=== Supplied data ===
*** Block opens ***

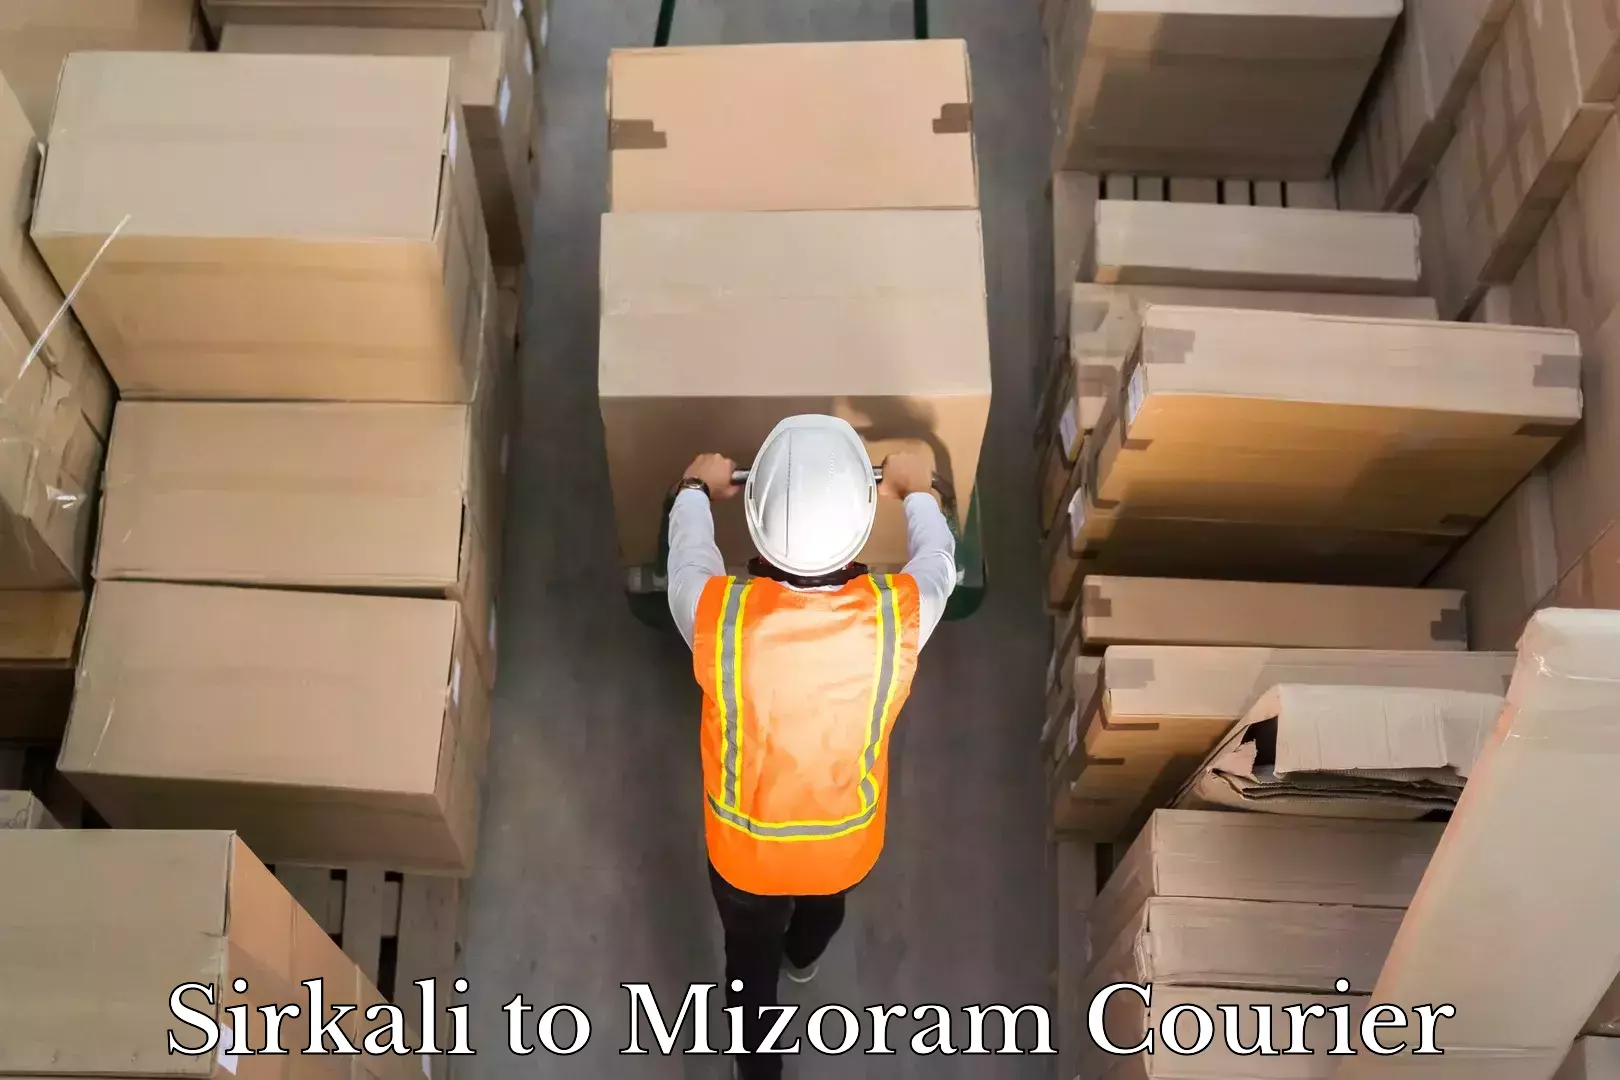 Modern delivery technologies in Sirkali to Mizoram
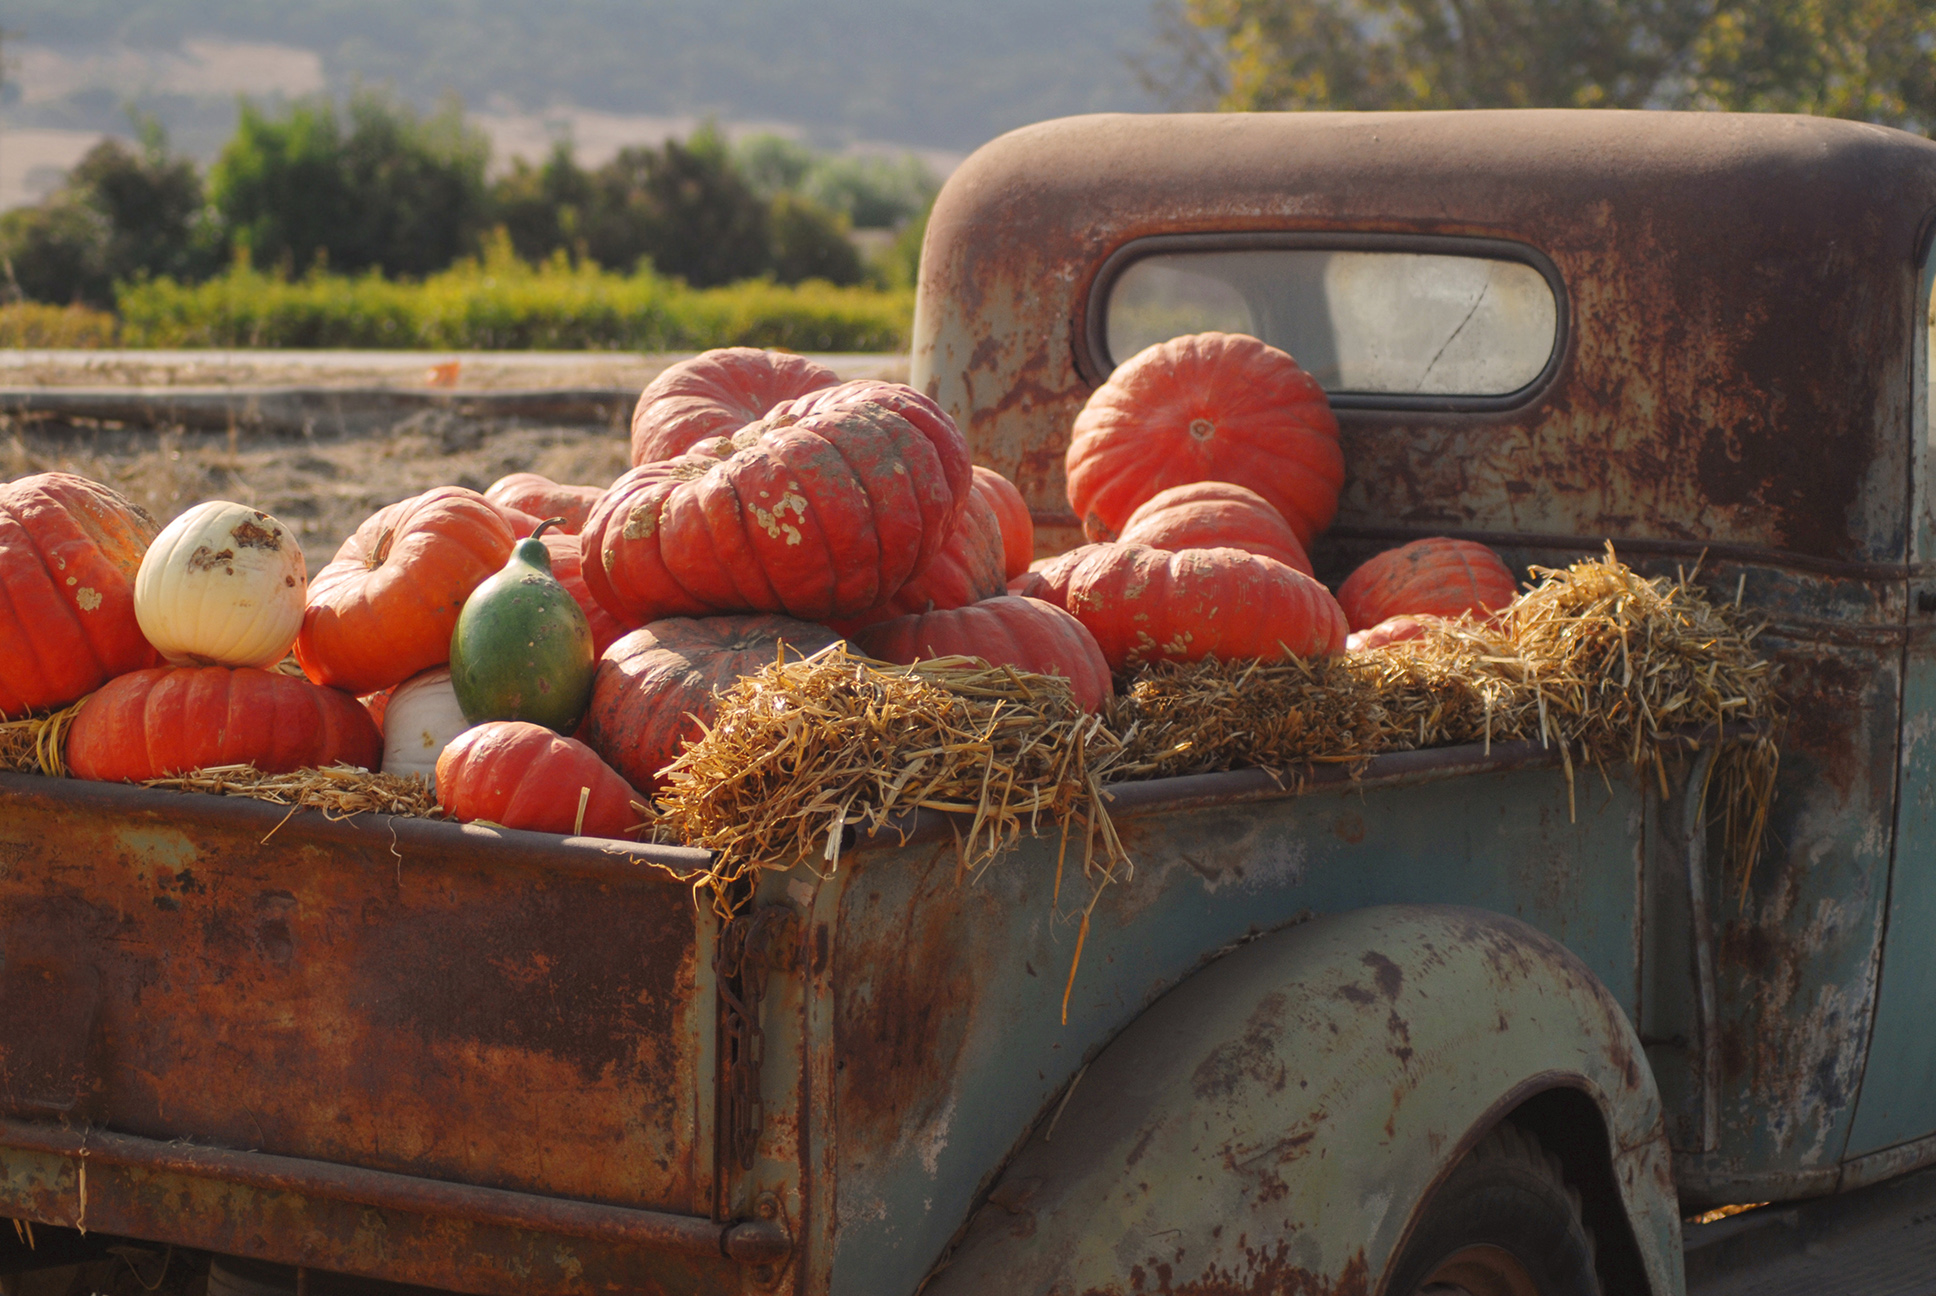 Locally grown pumpkins in the fall on a truck.
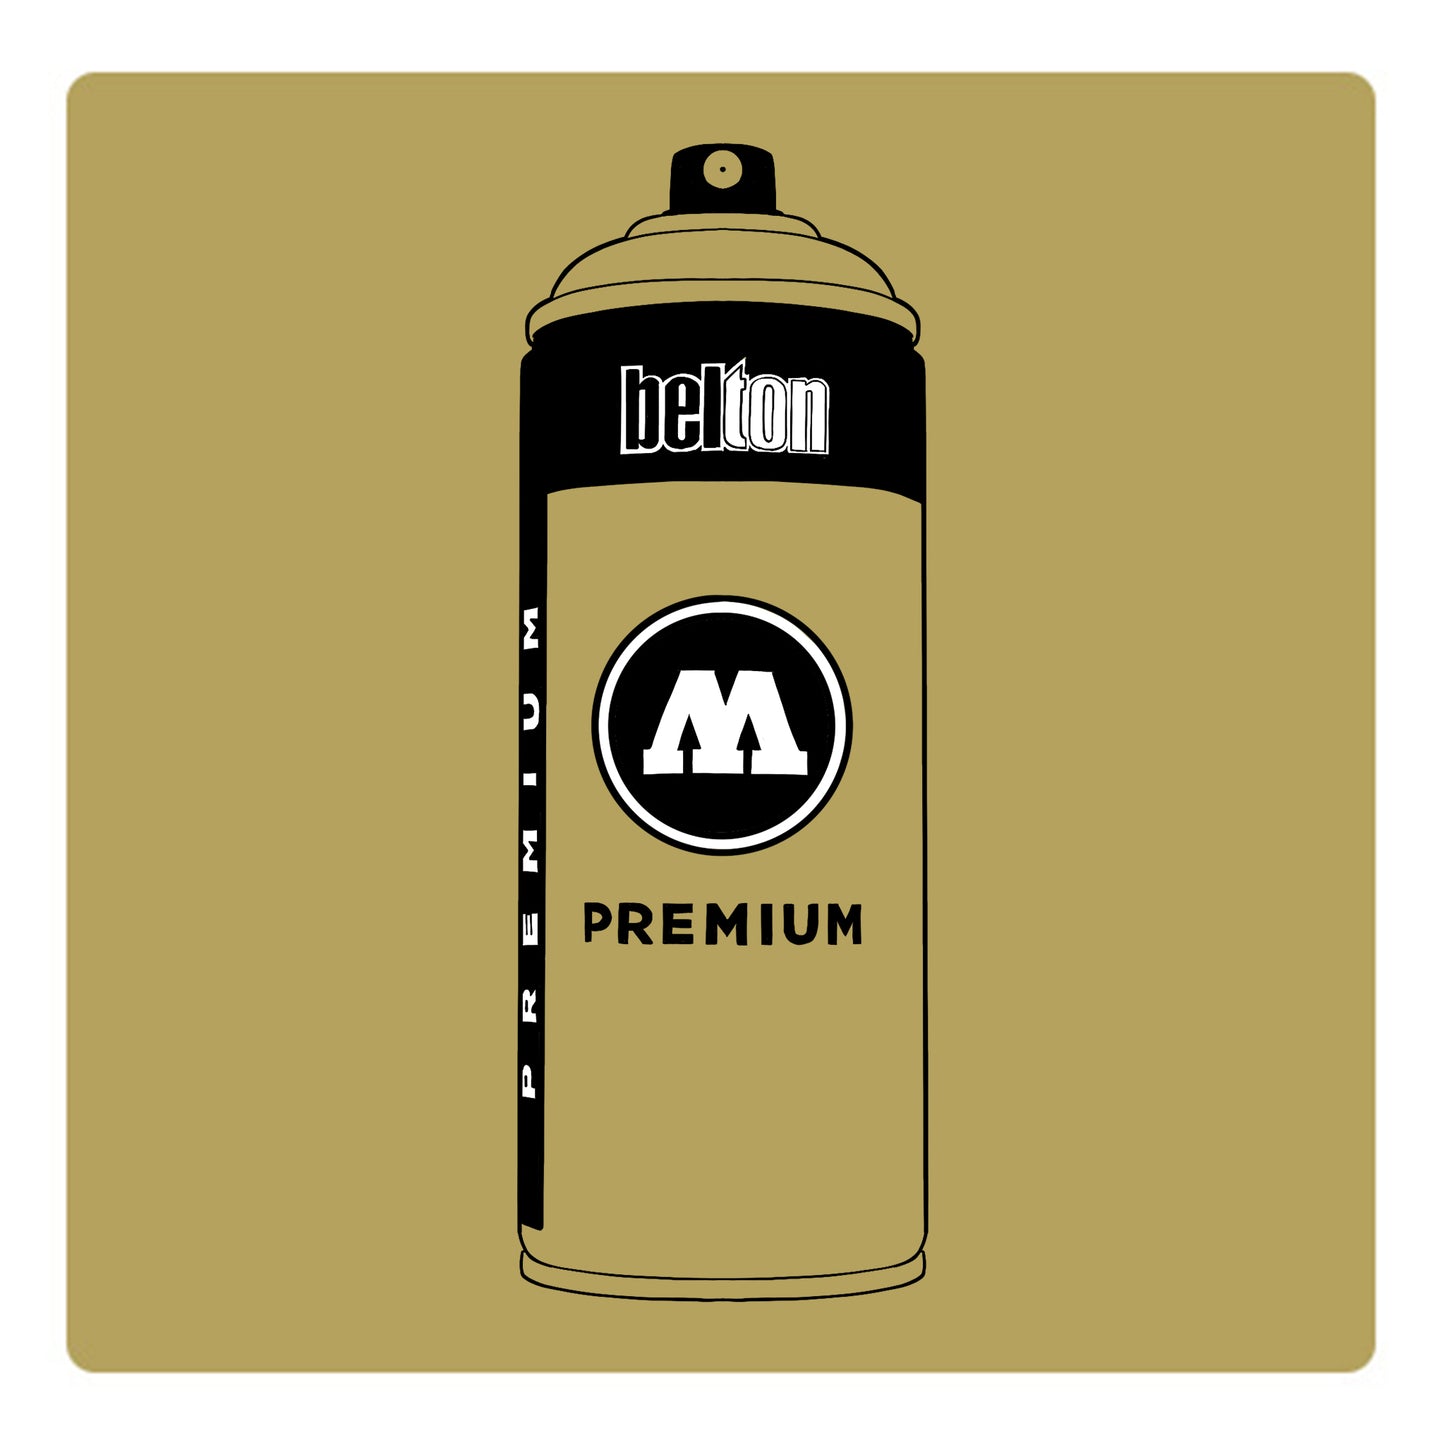 A black outline drawing of a light olive spray paint can with the words "belton","premium" and the letter"M" written on the face in black and white font. The background is a color swatch of the same light olive with a white border

*** Block closes ***

=== What this task involves ===
Copy the material exactly. Do not include the pictures.

=== Reply to the exercise ===
 Modern delivery technologies in Sirkali to Mizoram
 Locally grown pumpkins in the fall on a truck.
 A black outline drawing of a light olive spray paint can with the words "belton","premium" and the letter"M" written on the face in black and white font. The background is a color swatch of the same light olive with a white border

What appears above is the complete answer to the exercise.